Some couples are hesitant to put any of their guests to work at their wedding and may resist the idea of handing out jobs, but for the people chosen for this role, it’s actually an honor to be singled out for their outgoing personalities and warmth. Obviously some thought would have to go into who would be the best people to host, and their willingness and openness would clearly factor into that choice. But everyone probably has a few friends and family members who are clearly perfect for and would relish this opportunity. Similar to inviting people to be in the wedding party, an invitation to play host at a table is a way of letting someone know they are trusted and appreciated. They don’t even have to publicize or announce their role. They can be just as successful in the role by just secretly being that super friendly person at the table that makes everyone else feel welcome and takes responsibility for the conversational flow.

CONVERSATION MENUS

Instead of having a menu of the courses to come on each plate, consider a printed conversation menu (like this, but designed to fit the wedding suite). The reality is, some people are just painfully uncomfortable starting up a conversation with a bunch of people they don’t know very well. Even the most extroverted folks often find it uncomfortable having to strike up conversations with strangers. A conversation menu is a great way to alleviate this anxiety for guests, and spark some truly engaging and meaningful discussion between them. Each course can include a topic or question to get them started.

The trick to a good conversation starter is that it gets people sharing personal stories rather than just opinions as storytelling connects us to one another more deeply.
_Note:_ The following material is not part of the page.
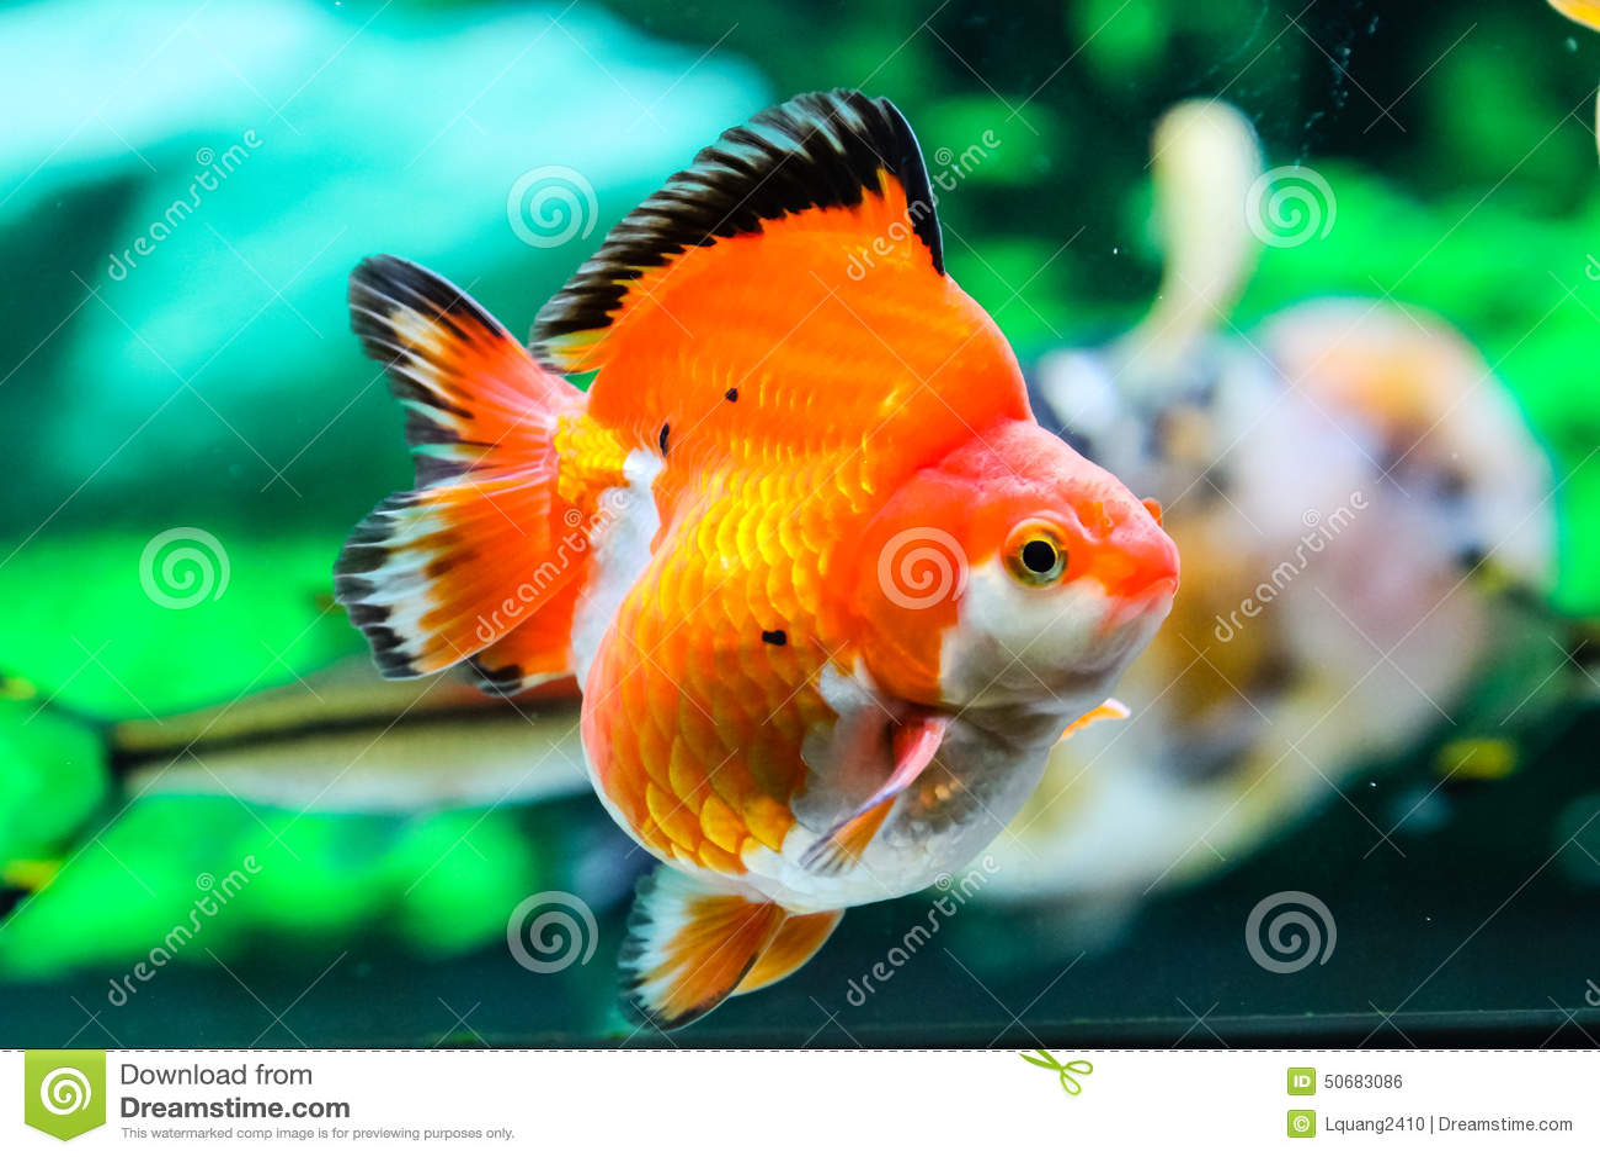 Download 关闭在水族馆的金鱼 库存照片. 图片 包括有 敌意, 金子, 弯脚的, 水族馆, betsy, 自由, 宠物 - 50683086

You can come up with some questions that are relevant to the guests or the wedding, but here are a few ideas to get started:

  • Describe a meaningful moment you’ve had in your life.

  • What does marriage mean to you?

  • What is something you’ve changed your mind about?

  • What did you learn about relationships from your parents? What have you tried to unlearn?

  • If you had to join another family, what type of family would it be?

  • What's the nicest thing anyone's ever done for you?

  • What small every day pleasure do you love?

  • What do you still want to discover in the world?

  • How would you like to be remembered?

If you need more ideas for great conversation starters, I highly recommend We’re Not Really Strangers. It’s a game of questions designed for connection, but the deck would be great inspiration, or just leave a stack of cards on the table!

15 TOASTS

The 15 Toasts model was created by the Art of Gathering author, Priya Parker. Tasked with getting a group of 15 people to converse from a place of vulnerability and authenticity in the context of a larger corporate event, she came up with the idea to invite everyone to give a toast on a specific topic. To keep things moving along, choose someone to start, and then each person picks the next person to give their toast. Parker has now been utilizing this approach for years and it has yielded incredibly real, honest moments of humanity and connection. An obvious choice for topic is to toast to marriage, but feel free to get creative or existential with it: to happiness, to romance, to beauty, to truth, or to the moment that changed my life. Choose a topic that feels personal and relevant to the couple, and then briefly explain the idea at the start of dinner.

INVITE GUESTS TO SHARE THEIR FAVORITE MEMORY

If you want to keep it simple, when the wedding couple thanks everyone for coming and welcomes them to start eating, they can invite their guests to share their favorite, most embarrassing, or most meaningful memory they have of each of them, or the two of them as a couple. Sharing personal, relevant, and meaningful stories is far more engaging than just sharing how they know them or why they are at their wedding. It has the added benefit of guests learning something new about the couple, and since only a few choice people are typically invited to give toasts to the whole room, it essentially gives everyone the opportunity to share what they mean to them.